Created: c:\cars\USA

Created: c:\cars\USA\SUV

Created: c:\cars\USA\Sedan

Created: c:\cars\USA\Sports

Created: c:\cars\USA\Truck

Created: c:\cars\USA\Wagon

Here is something to watch out for with DCREATE(): Note that the originDir is set to blank before the DCREATE(). function executes. This is because if it has a non-blank value and the DCREATE() function does not create the directory, then the originDir does not change. So you can’t test for blank to see whether DCREATE() was successful.

If you want to delete a directory, you can use the FDELETE() function. However, the fdelete() can only be used to delete an empty directory, so you must first delete all the member directories and files. The DNUM() function (get the number of members) and the DREAD() function (get the member names) can be used to identify all the members to delete.
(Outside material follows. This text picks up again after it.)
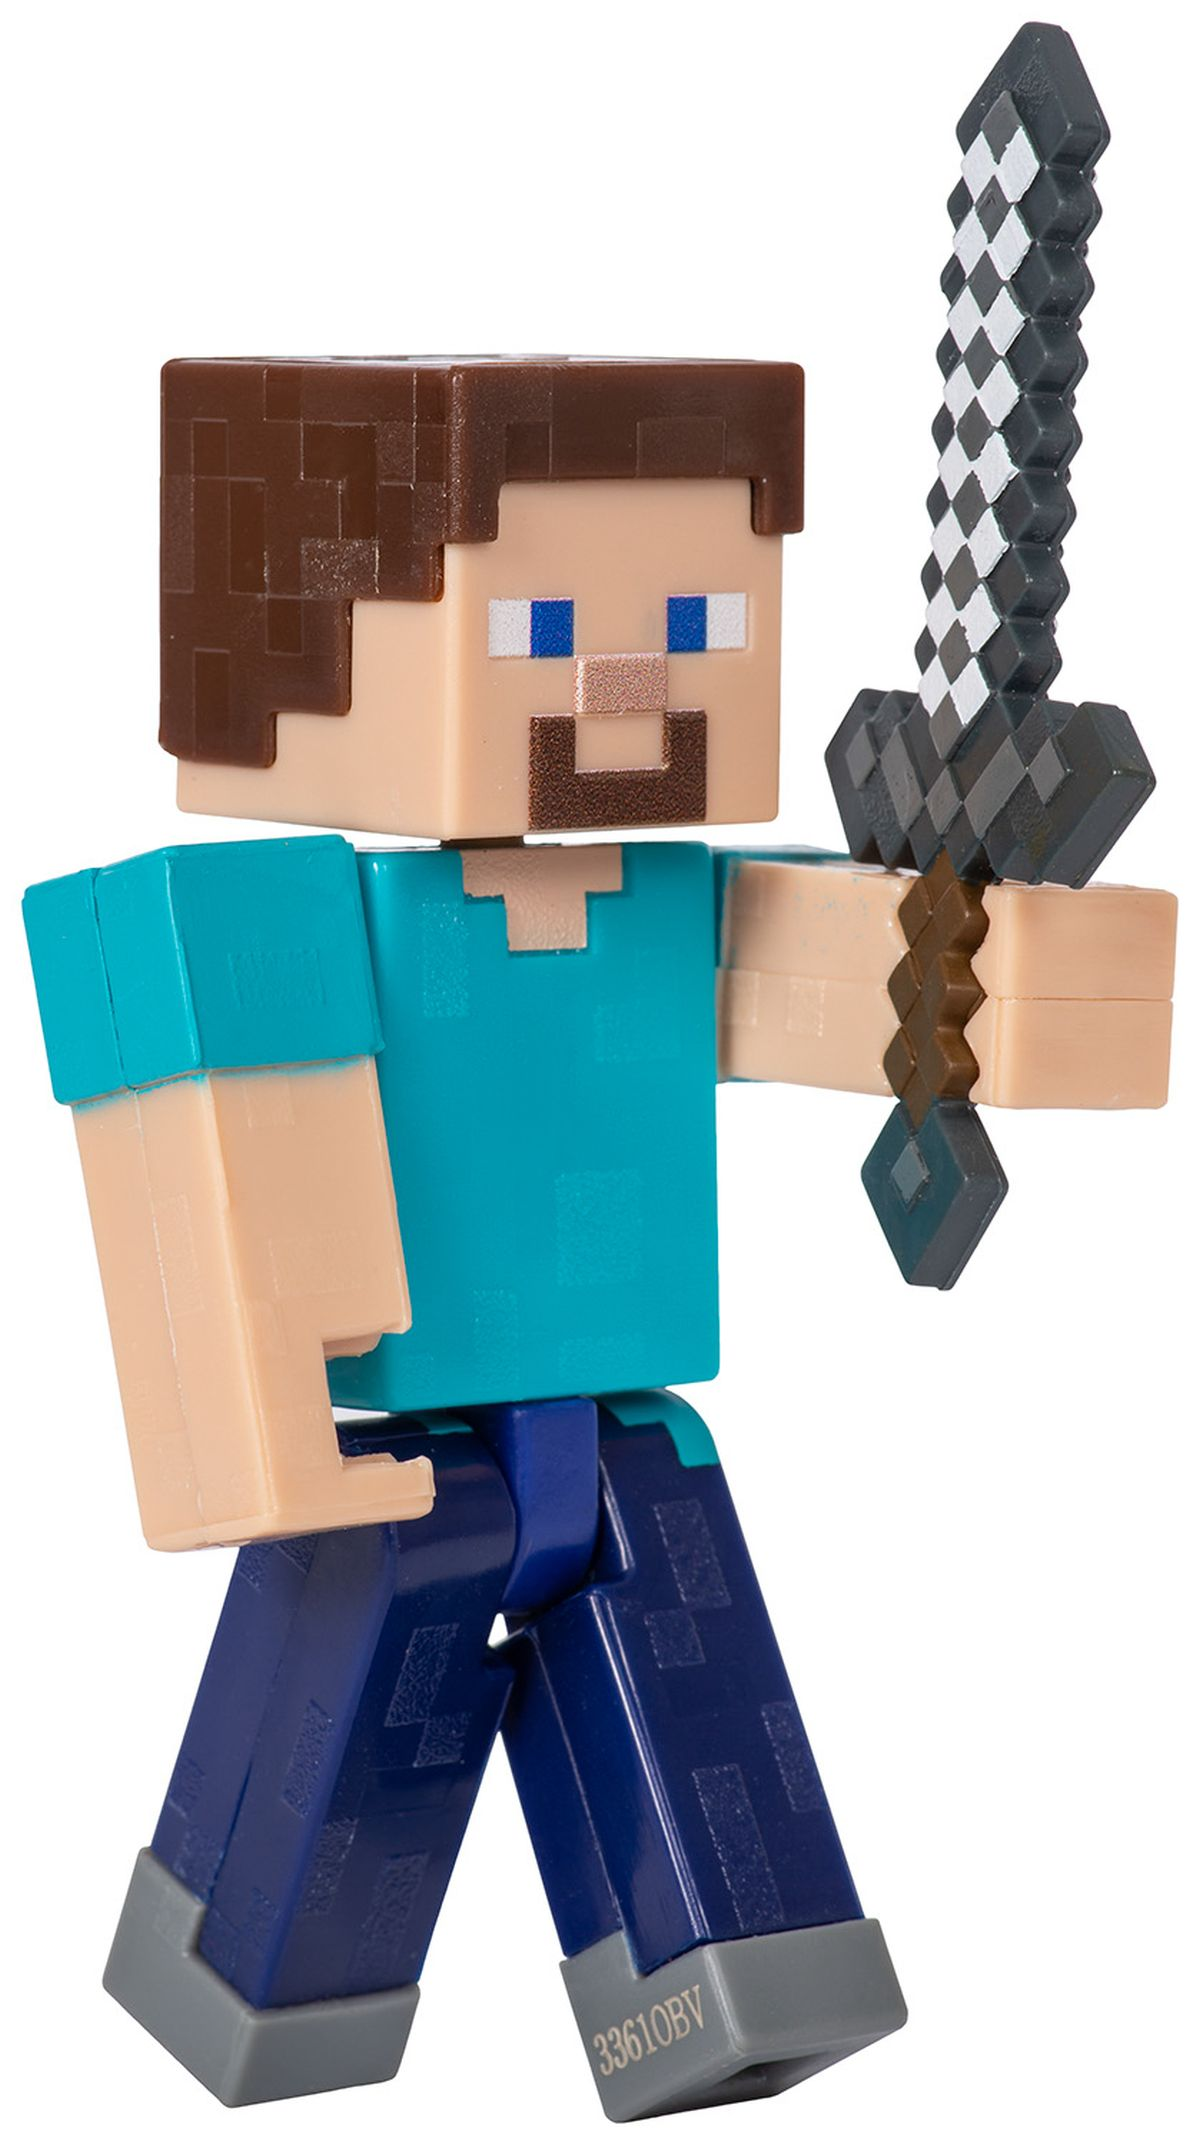 Minecraft - Figur Steve

As an example, the code in Program 3.5 deletes the cars directory structure that was created by Program 3.4. SAS Log 3.6 shows the directories as they are deleted.

data _null_;

carspath = "c:\cars";

if (fileexist(carsPath)); ❶

rc = filename("cars", carsPath); ❷

cars_did = dopen("cars");

do c = 1 to dnum(cars_did); ❸

origin = dread(cars_did, c); ❹

originPath = catx("\", carsPath, origin);

rc = filename("origin", originPath);

origin_did = dopen("origin");

do o = 1 to dnum(origin_did); ❺

type = dread(origin_did, o); ❻

typePath = catx("\", originPath, type);

rc = filename("type", typePath);

rc = fdelete("type");

rc = filename("type");

putlog "Deleted: " typePath;

end; /* do o – loop through origin directories */

origin_did = dclose(origin_did); ❼

rc = fdelete("origin");

rc = filename("origin");

putlog "Deleted: " originPath;

end; /* do c – loop through cars directory */

cars_did = dclose(cars_did); ❽

rc = fdelete("cars");

rc = filename("cars");

putlog "Deleted: " carsPath;

run;

Deleted: c:\cars\Asia\Hybrid

Deleted: c:\cars\Asia\Sedan

Deleted: c:\cars\Asia\Sports

Deleted: c:\cars\Asia\SUV

Deleted: c:\cars\Asia\Truck

Deleted: c:\cars\Asia\Wagon

Deleted: c:\cars\Asia

Deleted: c:\cars\Europe\Sedan

Deleted: c:\cars\Europe\Sports

Deleted: c:\cars\Europe\SUV

Deleted: c:\cars\Europe\Wagon

Deleted: c:\cars\Europe

Deleted: c:\cars\USA\Sedan

Deleted: c:\cars\USA\Sports

Deleted: c:\cars\USA\SUV

Deleted: c:\cars\USA\Truck

Deleted: c:\cars\USA\Wagon

Deleted: c:\cars\USA

Deleted: c:\cars

Working with Files

A set of functions is available for reading and writing external files (for example,FPUT(), FWRITE(), FGET(), FREAD()). I find using these functions to be a much more difficult way to read or write an external file than to use the FILE and INFILE statements with the PUT and INPUT statements. If you need to read or write an external file from outside a DATA step using a macro, then these file functions with %SYSFUNC work. From within a DATA step, I haven’t found much use for these functions.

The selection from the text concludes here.